Gli altri strati sono più difficili da vedere le prime volte, ma è come sempre solo questione di esercizio e concentrazione.
Un abbraccio

I Chakra, le ruote della Vita

Dopo avervi parlato di poteri ed energie non potevamo non affrontare un argomento così importante e correlato come quello dei chakra. Molti di voi sapranno già della loro esistenza e utilità e molti altri ne avranno comunque sentito parlare almeno una volta. Cerchiamo allora di raccontarne in breve le caratteristiche più conosciute e di passare poi all’utilizzo che si fa di questi nell’ Eish Shaok.
I chakra sono ruote di energia (questo il significato in sanscrito del loro nome) che si collocano in sette punti del nostro corpo (i principali, ve ne sono poi diversi altri più piccoli). Conosciuti nelle filosofie e religioni orientali già molti secoli prima della nascita di Cristo, questi centri hanno sempre giocato un grandissimo ruolo nella crescita degli spiriti in questo mondo. I sette punti in cui sono situati (li potete vedere anche in figura) vengono individuati : il primo sull’osso sacro (chakra della radice), il secondo poco sotto al ventre, il terzo sull’ombelico (plesso solare) , il quarto sul cuore, il quinto sulla gola, il sesto sulla fronte tra gli occhi (terzo occhio) e il settimo in cima alla testa (Corona). Ad ogni chakra si legano solitamente emozioni, facoltà, sensi, colori, simboli, organi ed anche alcune ghiandole endocrine. Queste ruote hanno il compito di creare e far circolare energia in tutto il corpo attraverso i meridiani, migliaia di canali che li legano tra loro, permettendo così al nostro spirito di rimanere collegato alla materia e quindi a questa Dimensione. Un loro mal funzionamento  dovuto a poco esercizio energetico o ad un cattivo stile di vita provoca la formazione di alcuni blocchi e la conseguente insorgenza di malattie.Per quanto riguarda la loro importanza nell’ Eish Shaok, come abbiamo accennato nel post sui poteri della mente, i chakra determinano a seconda della loro attività, più o meno importante, la presenza in noi di un certo tipo di capacità.

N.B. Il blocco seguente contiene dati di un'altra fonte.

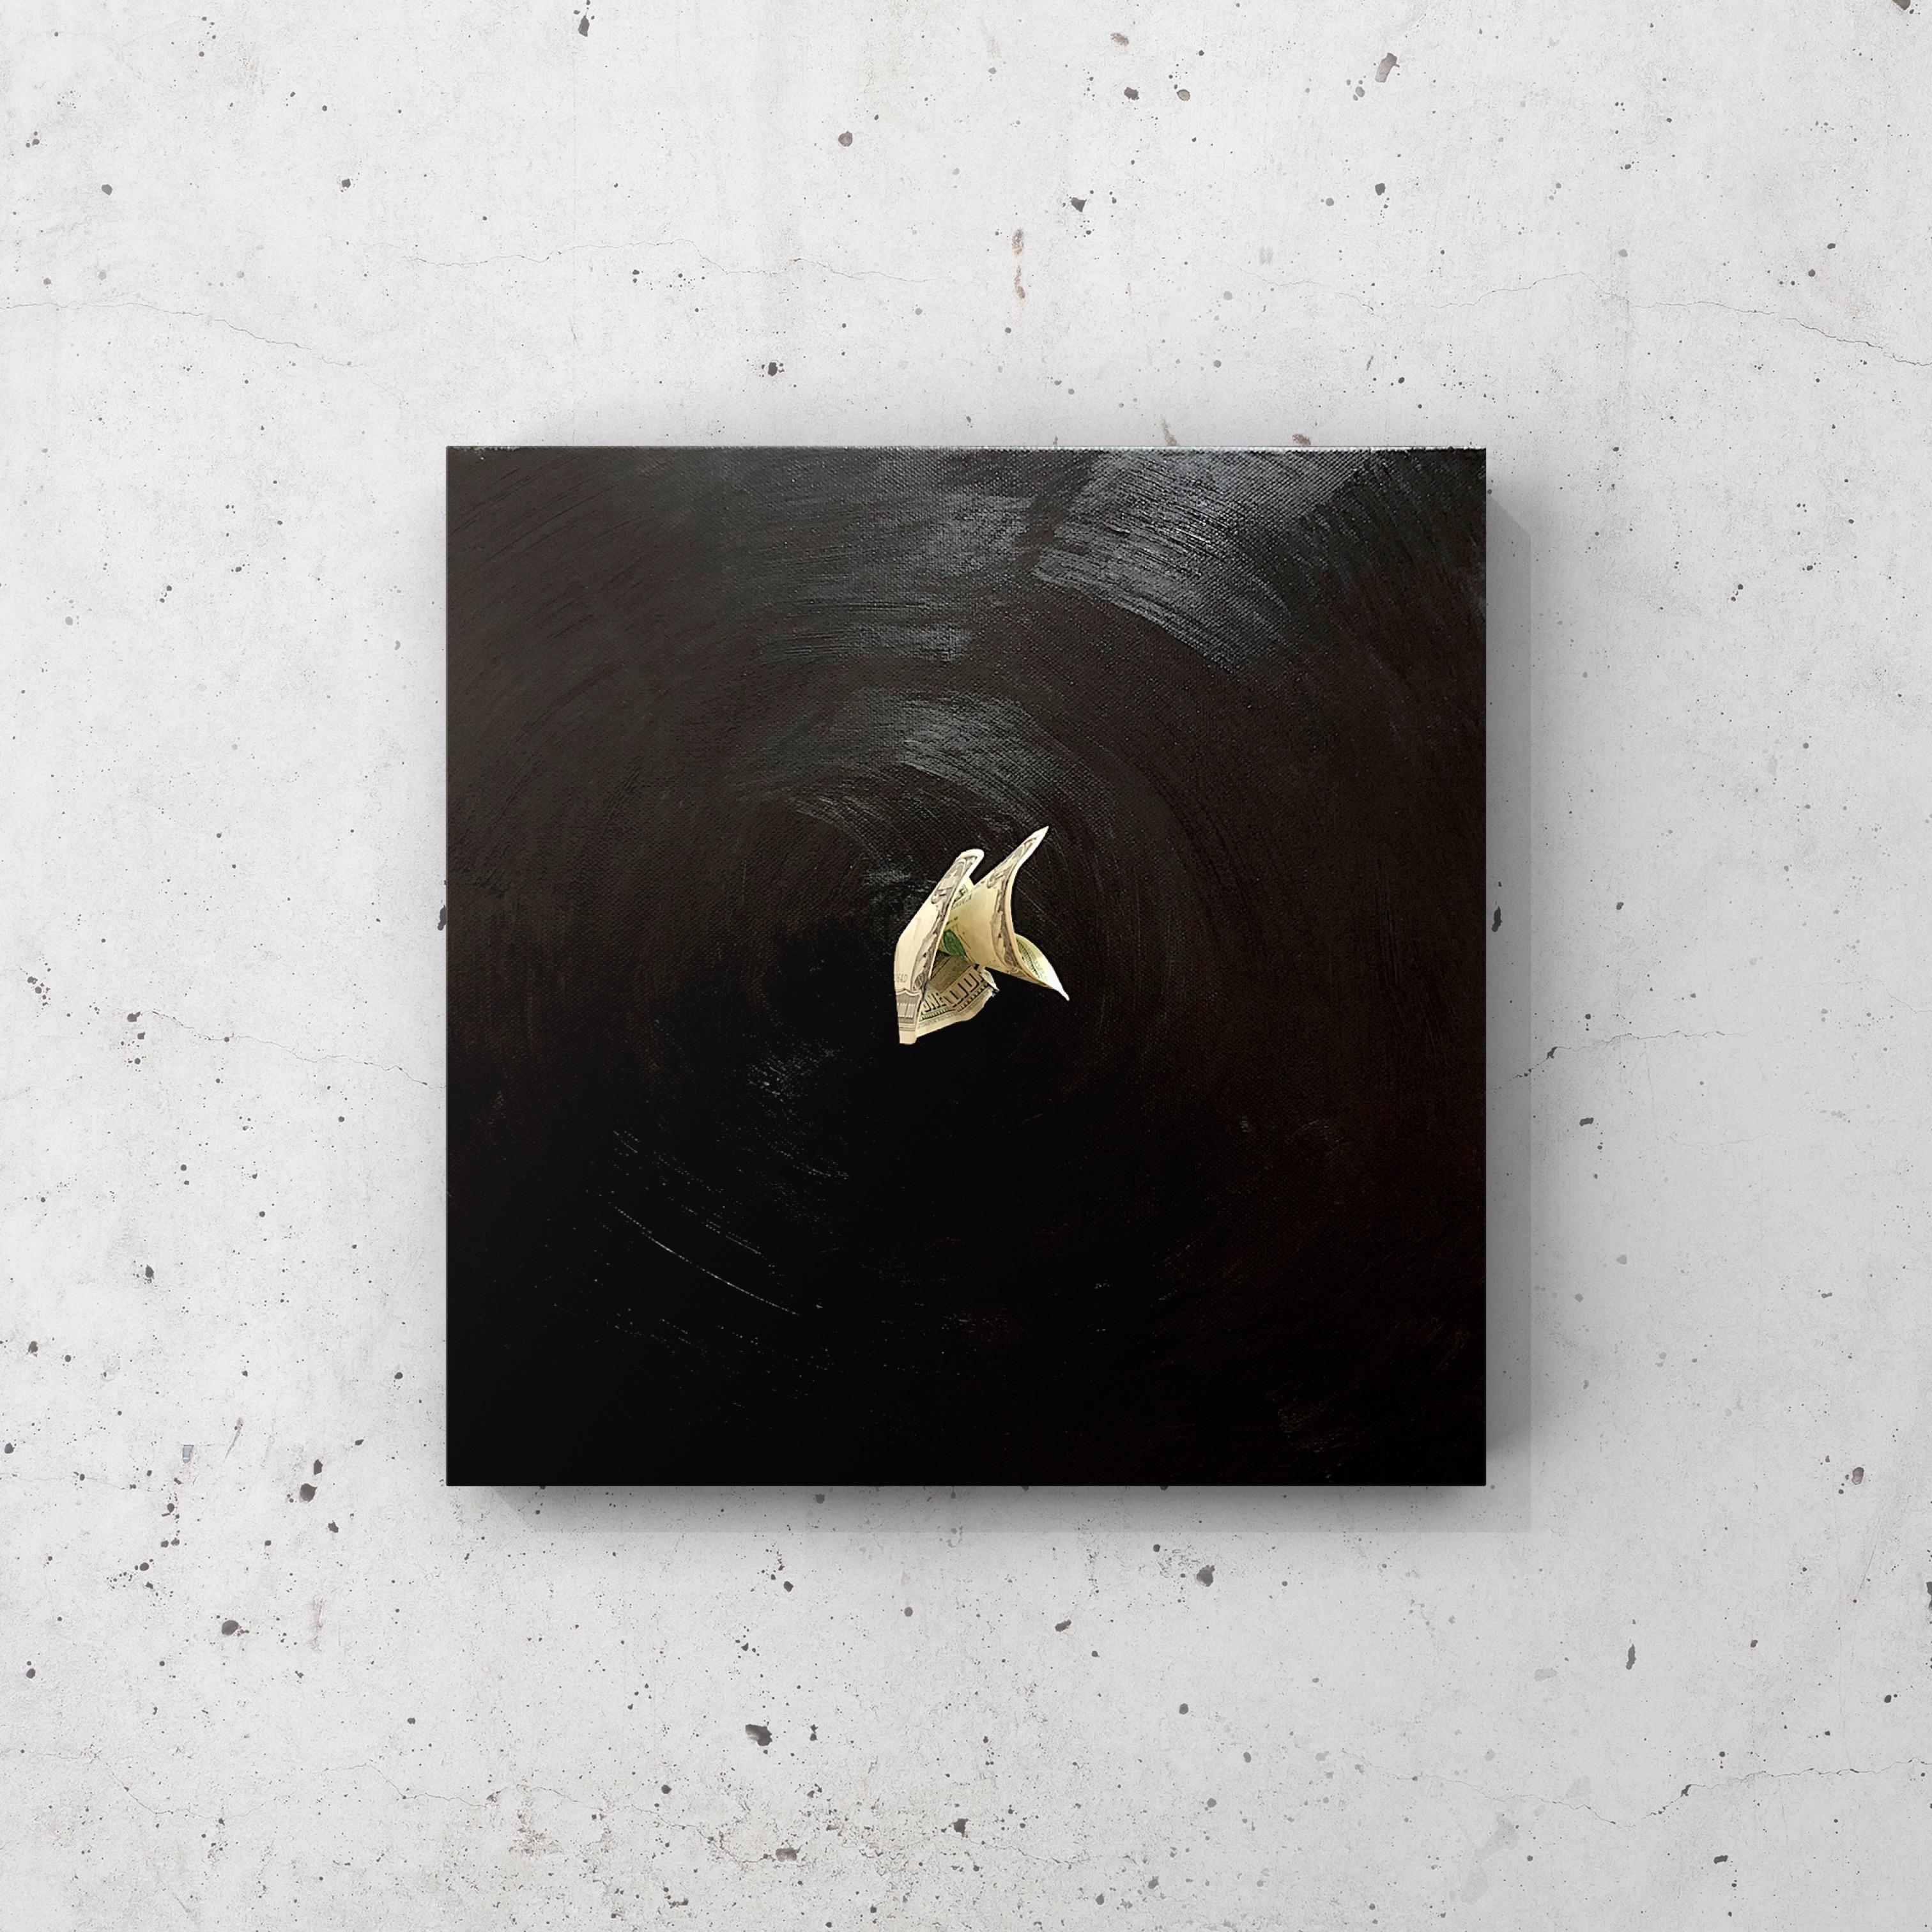 Картина «Чёрная дыра», 2019. Художник: Colonel Royce

Vediamo ora nel dettaglio quelle sviluppabili più facilmente a seconda della forte attività di un chakra:
primo e secondo chakra = forte istinto e sesto senso;
terzo chakra =   grande produzione di energia e capacità di veloce crescita e maturazione ;
quarto chakra = empatia e sensabilità elevate ;
quinto chakra = capacità di persuasione e convincimento degli altri ;
sesto chakra = capacità come telepatia e preveggenza e  soprattutto visione e percezione di spiriti ed energie ; settimo chakra = viaggi astrali (viaggi al di fuori del corpo in questa o altre Dimensioni) e capacità di unione con gli elementi naturali e universali.
Vi sono poi i chakra situati sul palmo delle mani che pur non comparendo tra i sette principali permettono di sviluppare importanti poteri curativi. Un costante movimento di energie grazie a specifici esercizi come il caricamento o la meditazione a cascata, oltre che ad eliminare blocchi e tensioni, migliora la conoscenza che abbiamo del nostro corpo e del nostro spirito e di conseguenza porta ad un più efficace controllo delle nostre capacità.